Available data section start

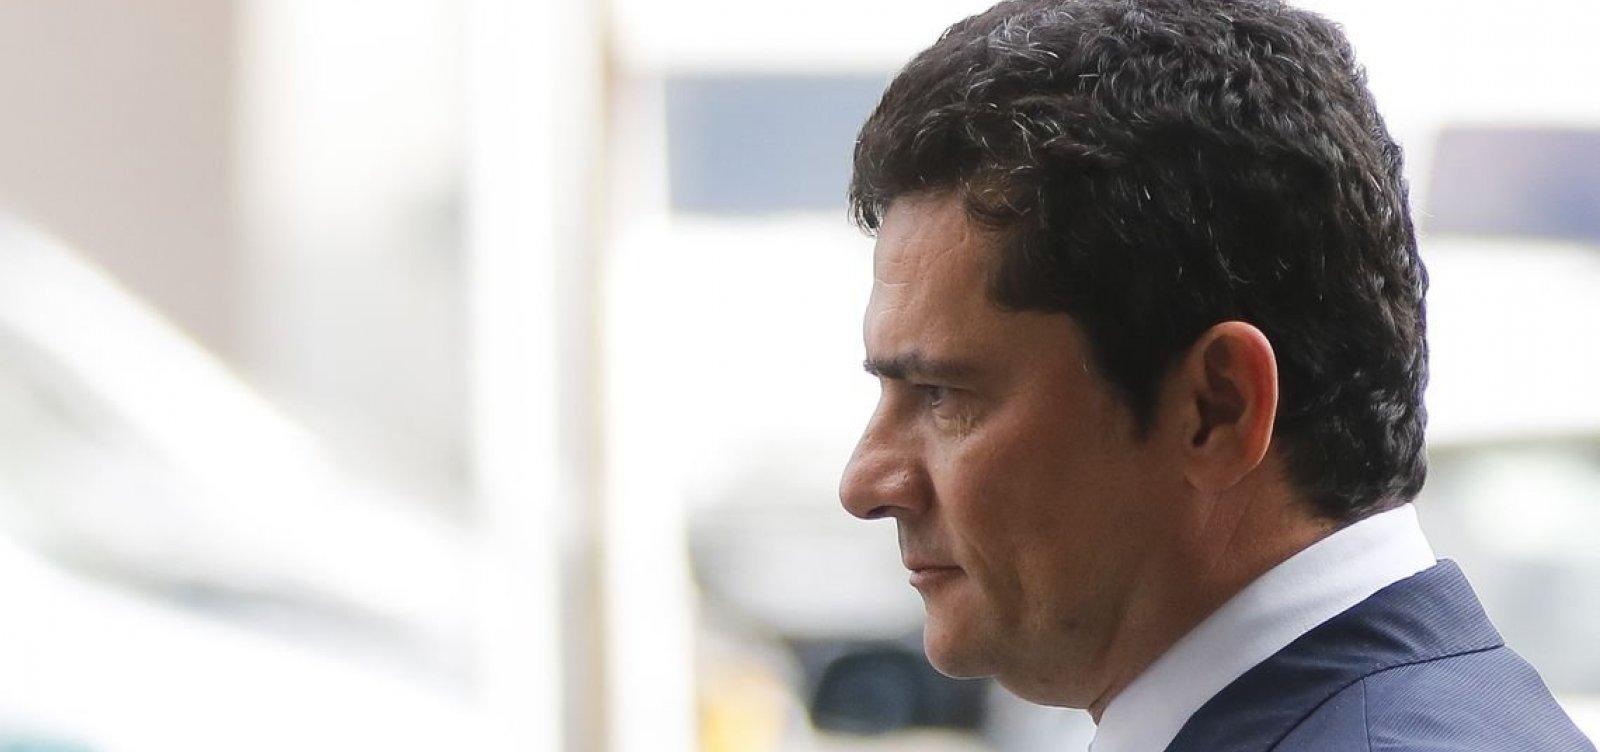 Moro cita 'possível equívoco' na investigação do caso Marielle e pede a PGR abertura de inquérito
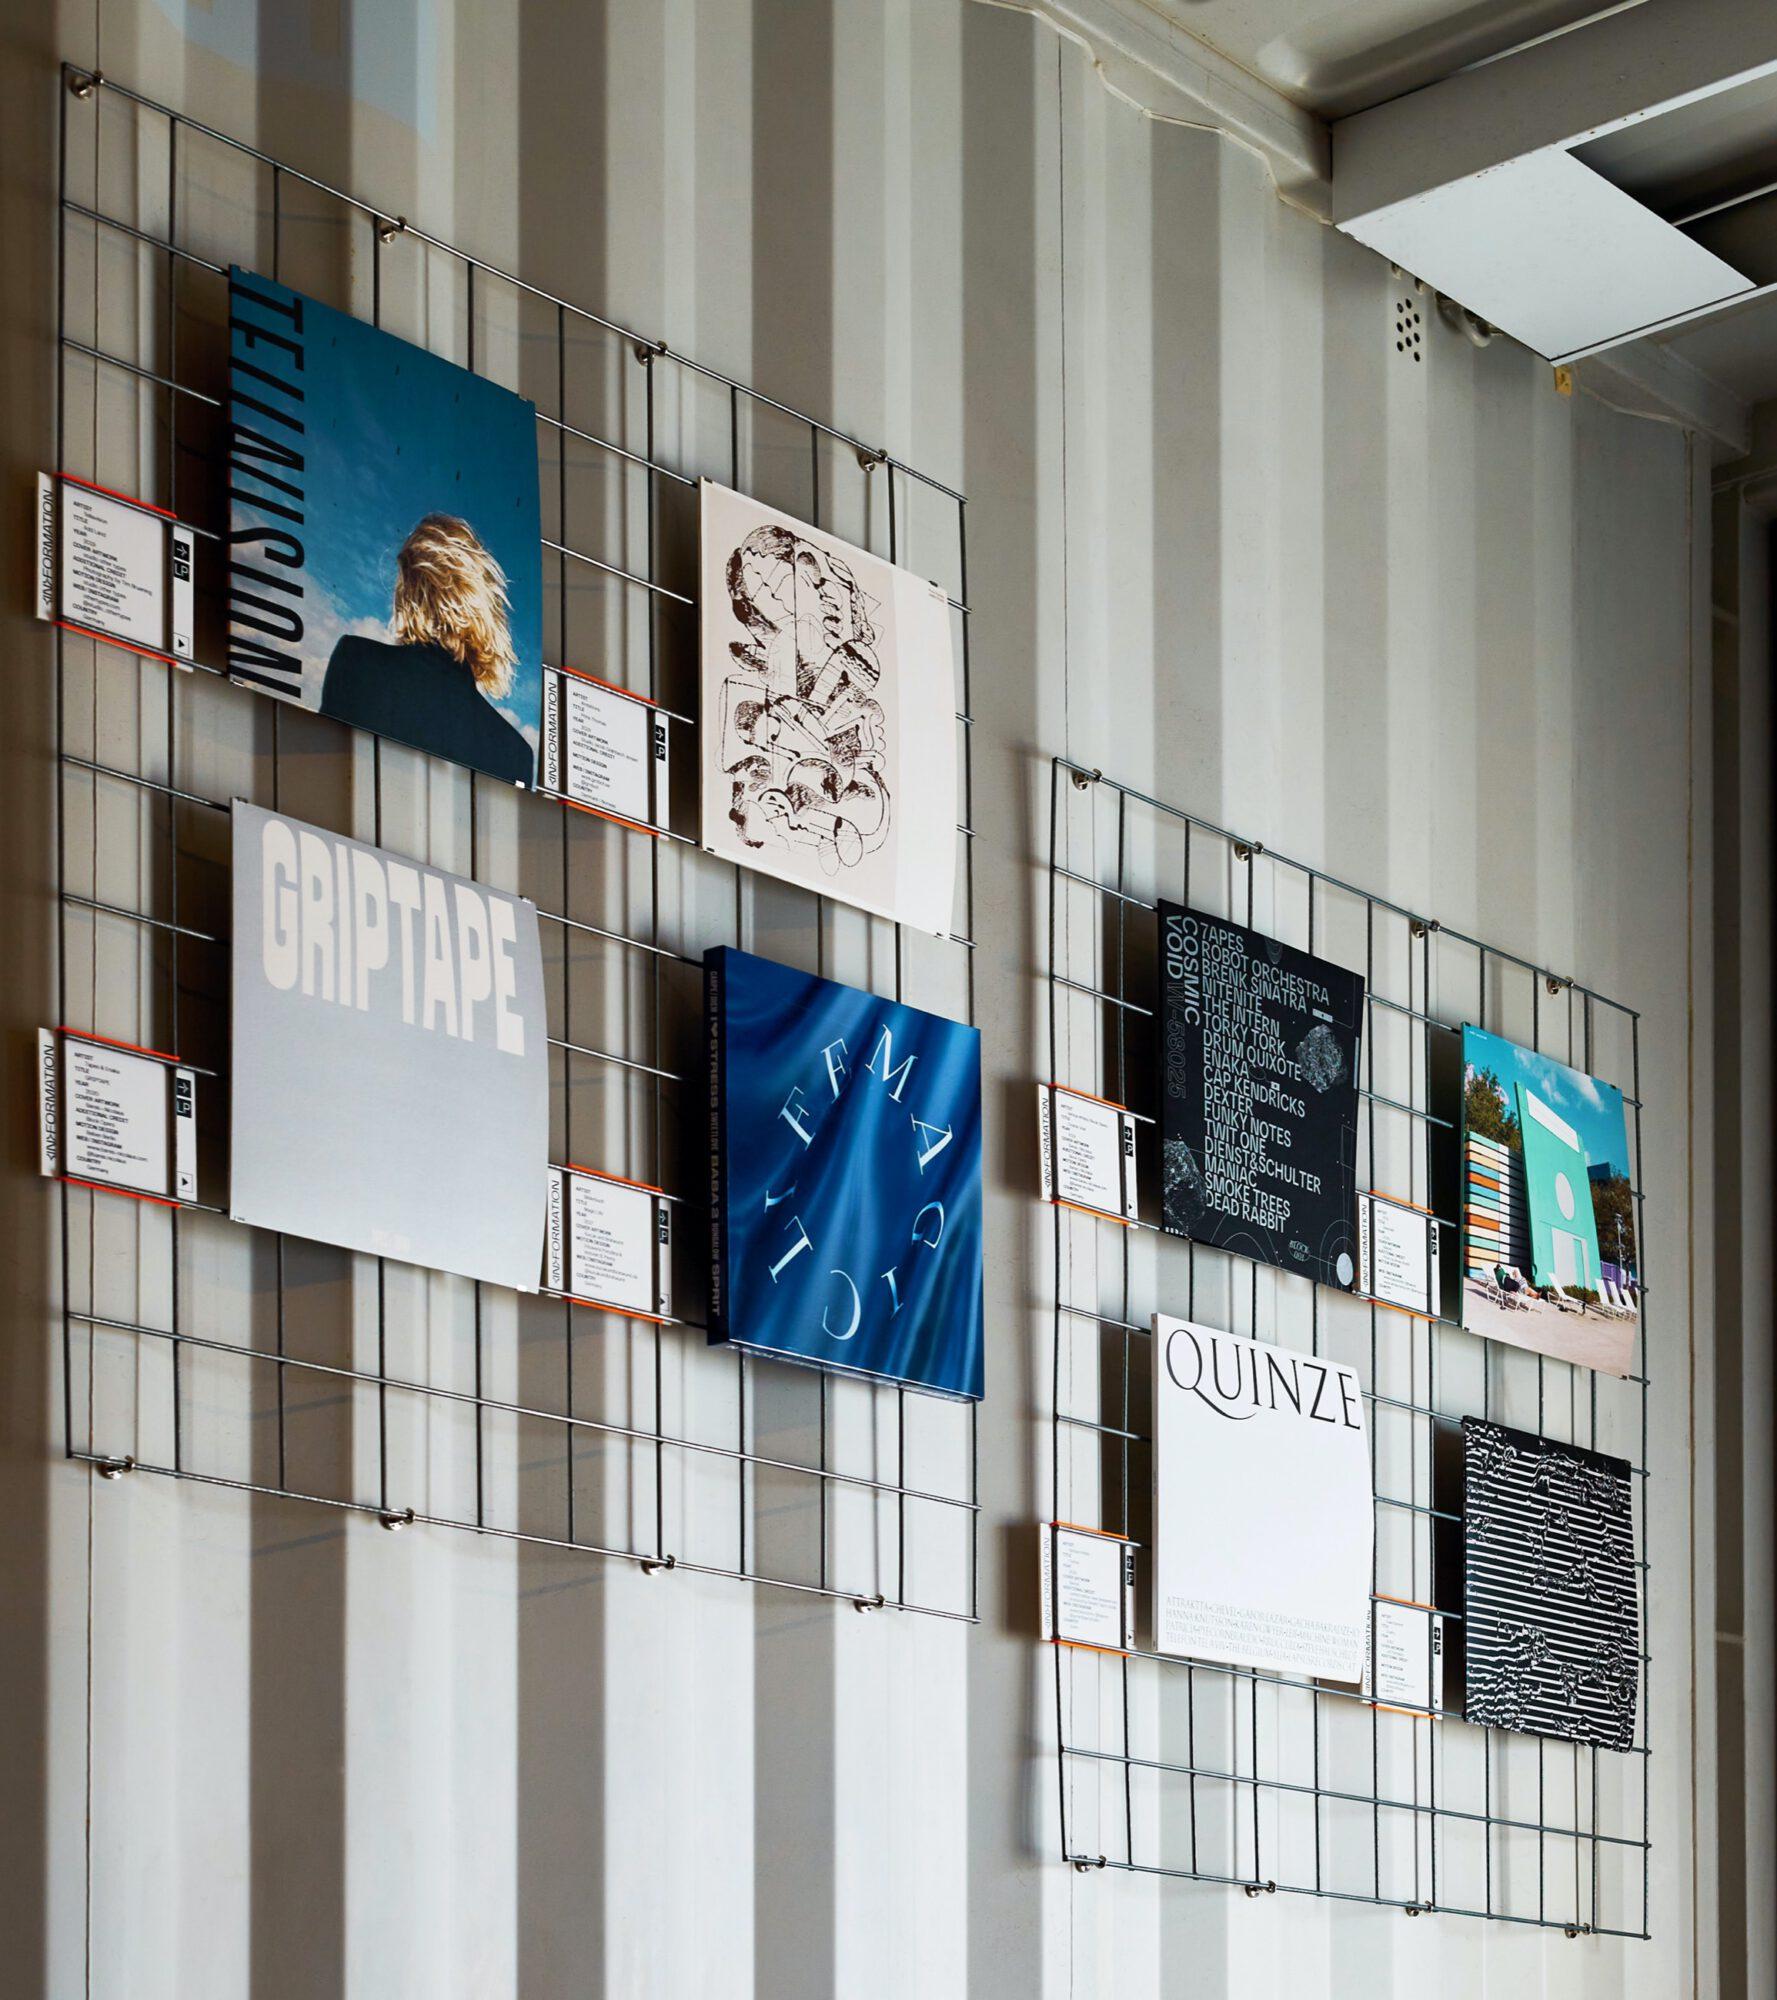 vinylausstellung in hamburg
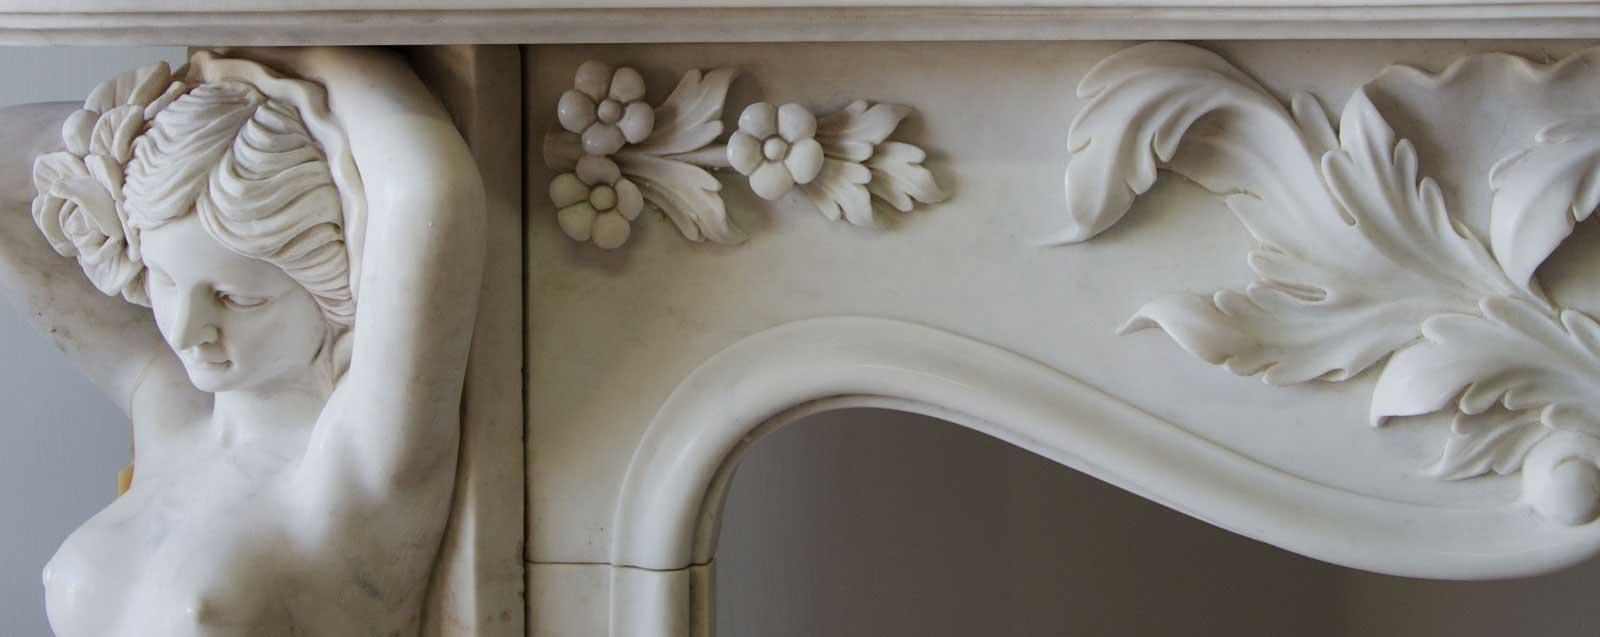 Perché il marmo di Carrara è pregiato?

Available data section end

Would you repeat the listing above exactly, minus the images?

* **Task answer**:
 Moro cita 'possível equívoco' na investigação do caso Marielle e pede a PGR abertura de inquérito
 vinylausstellung in hamburg
 Perché il marmo di Carrara è pregiato?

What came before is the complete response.